Wichtig ist Glessner jedoch die Botschaft, dass die Kunden auch künftig nicht ohne Service bleiben. Die Kundenberatung könne in den Niederlassungen in Kern-Rheinau, aber auch in Seckenheim und Neckarau erfolgen. Die Mitarbeiter der Casterfelder Filiale würden dort eingesetzt. Die Filiale in der Schwabenheimer Straße 1, also am Rheinauer Marktplatz, werde ab Frühjahr 2019 modernisiert und weiter ausgebaut.

Glessner versichert: „Unser Filialnetz werden wir grundsätzlich beibehalten und in der Fläche präsent bleiben.“ Auf die konkrete Frage des „MM“, ob mittel- oder langfristig auch eine Schließung der Filiale in Rheinau-Süd geplant sei, antwortet Glessner kurz und bündig: „Nein.“

Vor Ort sorgt die drohende Schließung naturgemäß dennoch für heftigen Unmut. Das beginnt schon mit der Informationspolitik der Bank. „Wir haben unsere Konten dort und noch keine offizielle Info“, beklagt Thomas Steinbrenner, der Vorsitzende der Siedler- und Wohneigentumsgemeinschaft Casterfeld.

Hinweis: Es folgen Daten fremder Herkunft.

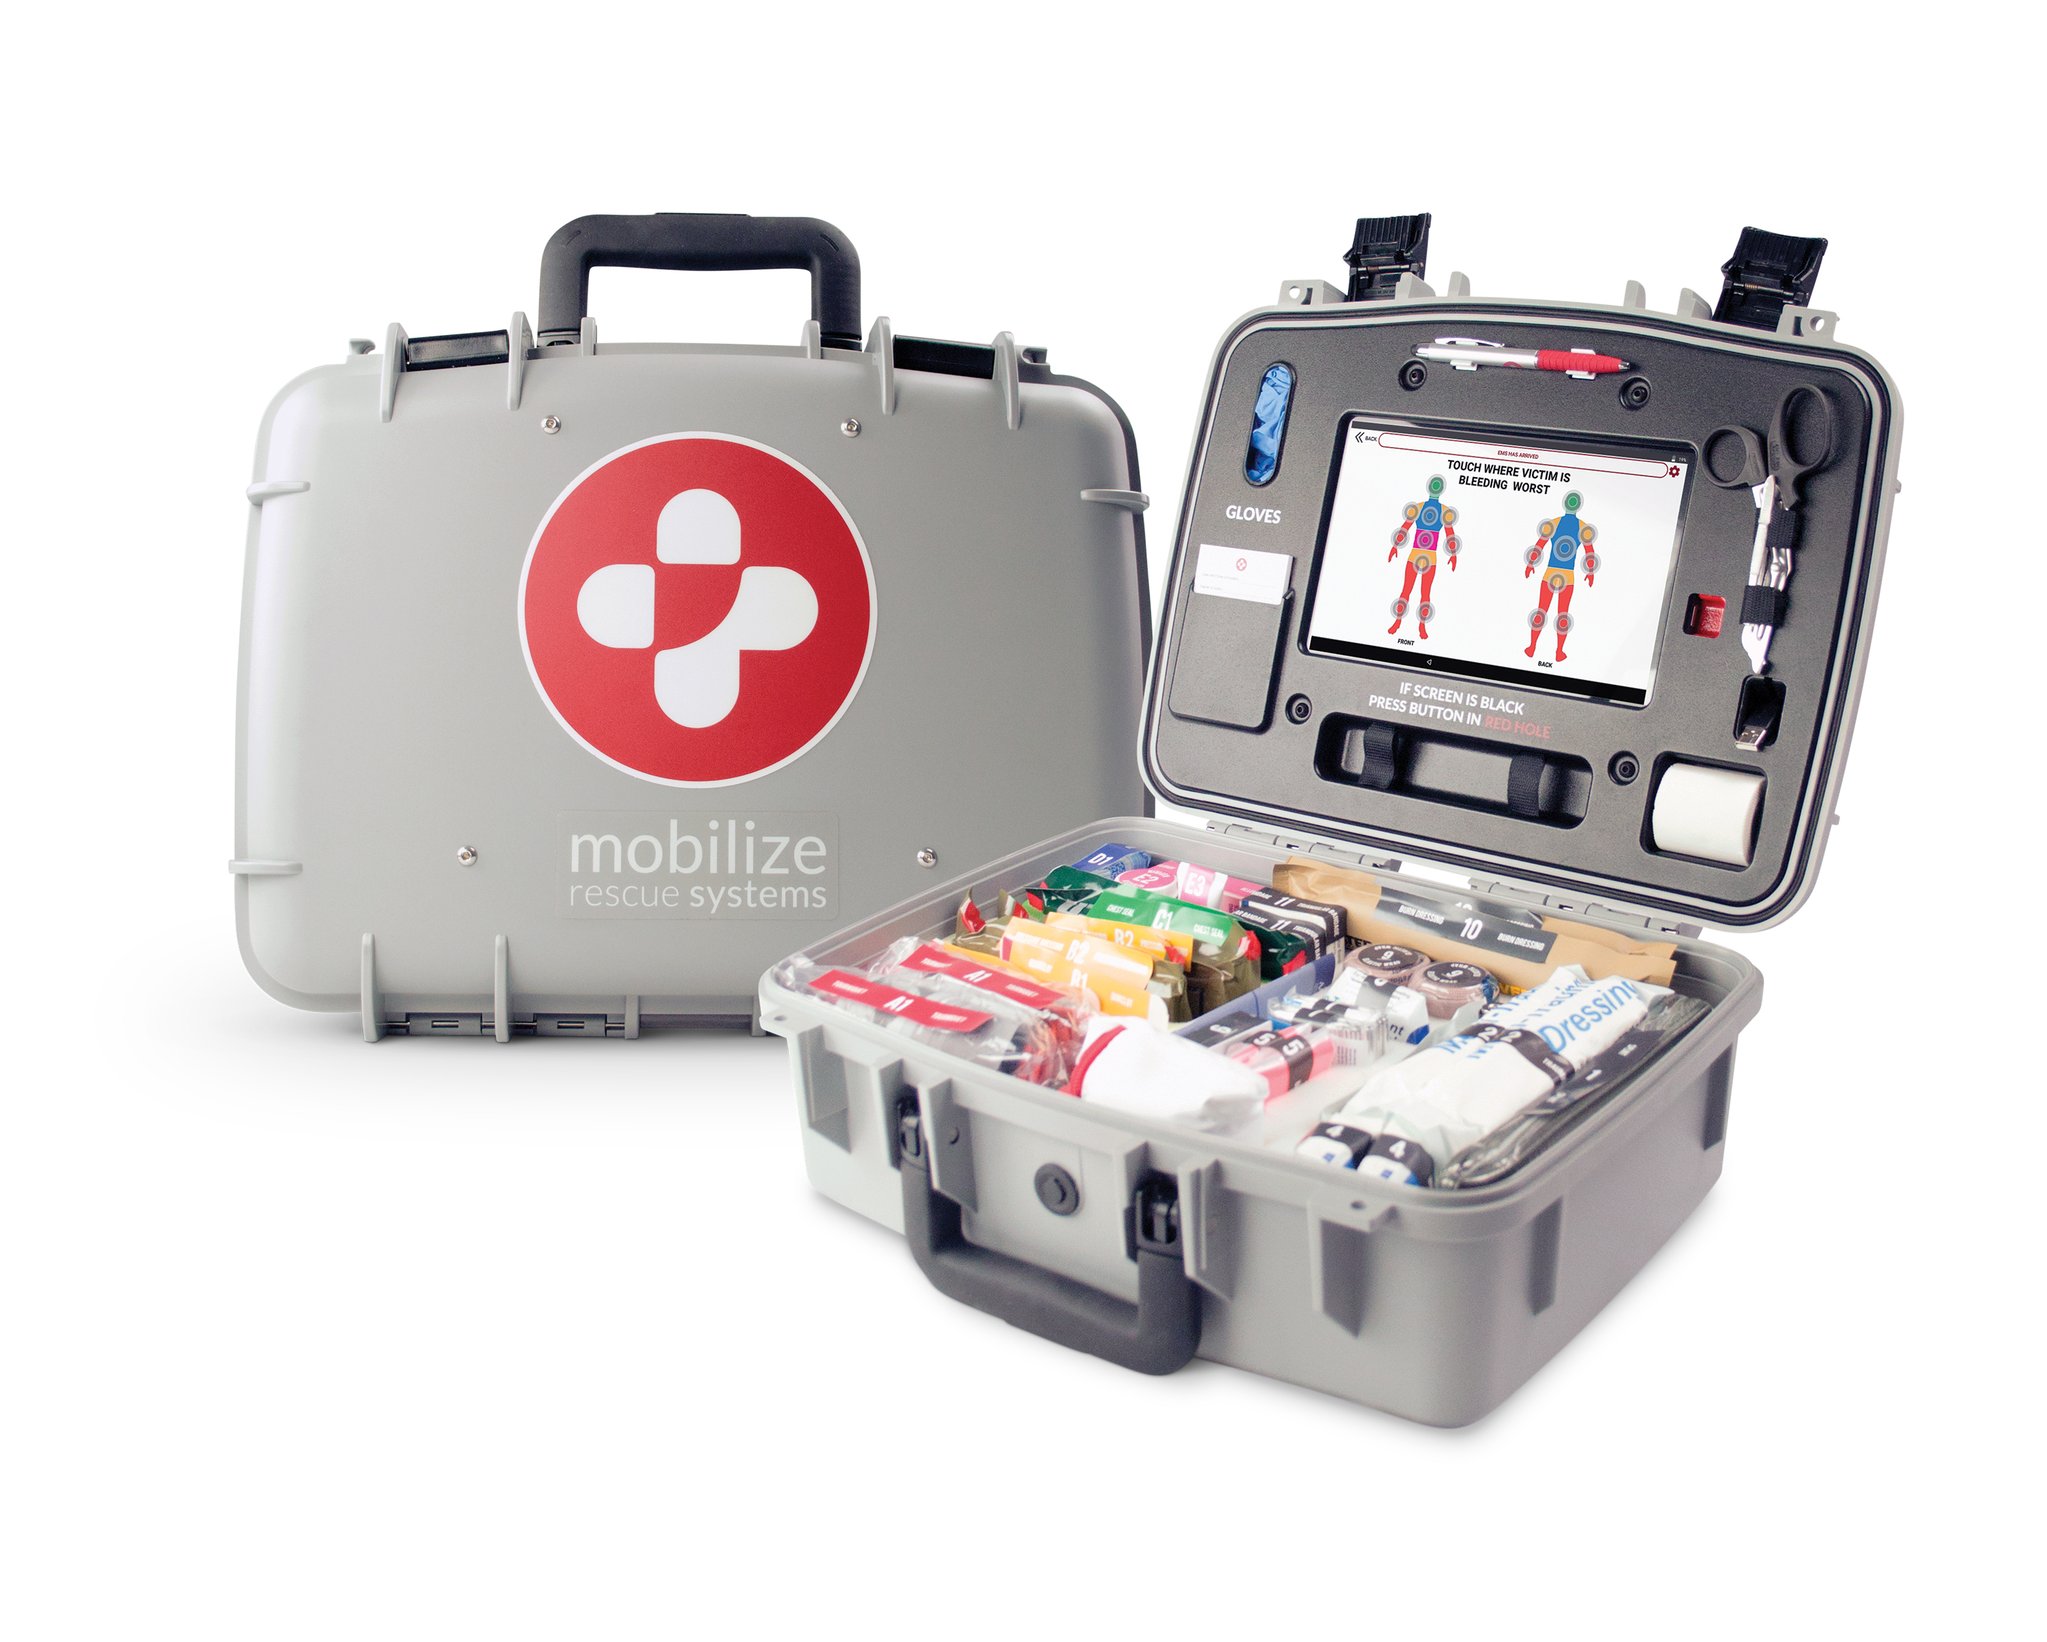 ZOLL Mobilize Comprehensive Trauma Kit - American AED

Aber vor allem der Sachverhalt an sich stößt auf Kritik. Mittlerweile sei das Ausbluten der Infrastruktur im Casterfeld nicht mehr aufzuhalten: „Was haben wir denn noch?“, klagt Steinbrenner: „Einen Bäcker und einen Friseur. Das deckt den täglichen Bedarf bei weitem nicht ab.“

Und ein zweites Gefühl wird spürbar: Hilflosigkeit. „Meiner Meinung nach ist die Chance, eine Schließung zu verhindern, gleich null“, glaubt Steinbrenner: „Kennen wir ja von anderen Betrieben, zum Beispiel der Post auf der Rheinau.“

Aber Steinbrenner nimmt auch die Bürger selbst in die Verantwortung: „Die Menschen sind auch selbst schuld“, bekennt er. Wer alles online erledige, der dürfe sich nicht wundern, wenn Geschäfte und Läden vor Ort sich nicht mehr rechnen.

CDU und SPD ablehnend

Die Kommunalpolitik hat sich ebenfalls bereits des Themas angenommen. „Mit Bestürzung und Unverständnis haben die Bürger in Casterfeld-Mitte Kenntnis gewonnen von der beabsichtigten Schließung der Filiale“, schreibt der Ortsvorsitzende der Rheinauer CDU, Christoph Hambusch, in einem Brief an die VR Bank: „Wir nehmen diese Vorbehalte sehr ernst und teilen sie.“

Die CDU verweist vor allem auf die Folgen für ältere Menschen, von denen im Casterfeld besonders viele leben, nicht zuletzt im Seniorenzentrum Maria-Scherer-Haus. „Sie sollten bedenken, dass es diesen sehr schwerfällt, ihre Bankgeschäfte in der Relaisstraße oder in Seckenheim zu erledigen“, mahnt Hambusch den VR Bank-Vorstand: „Das sind ältere Menschen mit einer geringen Mobilität.“ Gerade sie seien zudem mit den modernen Technologien wenig vertraut und legten daher Wert auf persönliche Betreuung.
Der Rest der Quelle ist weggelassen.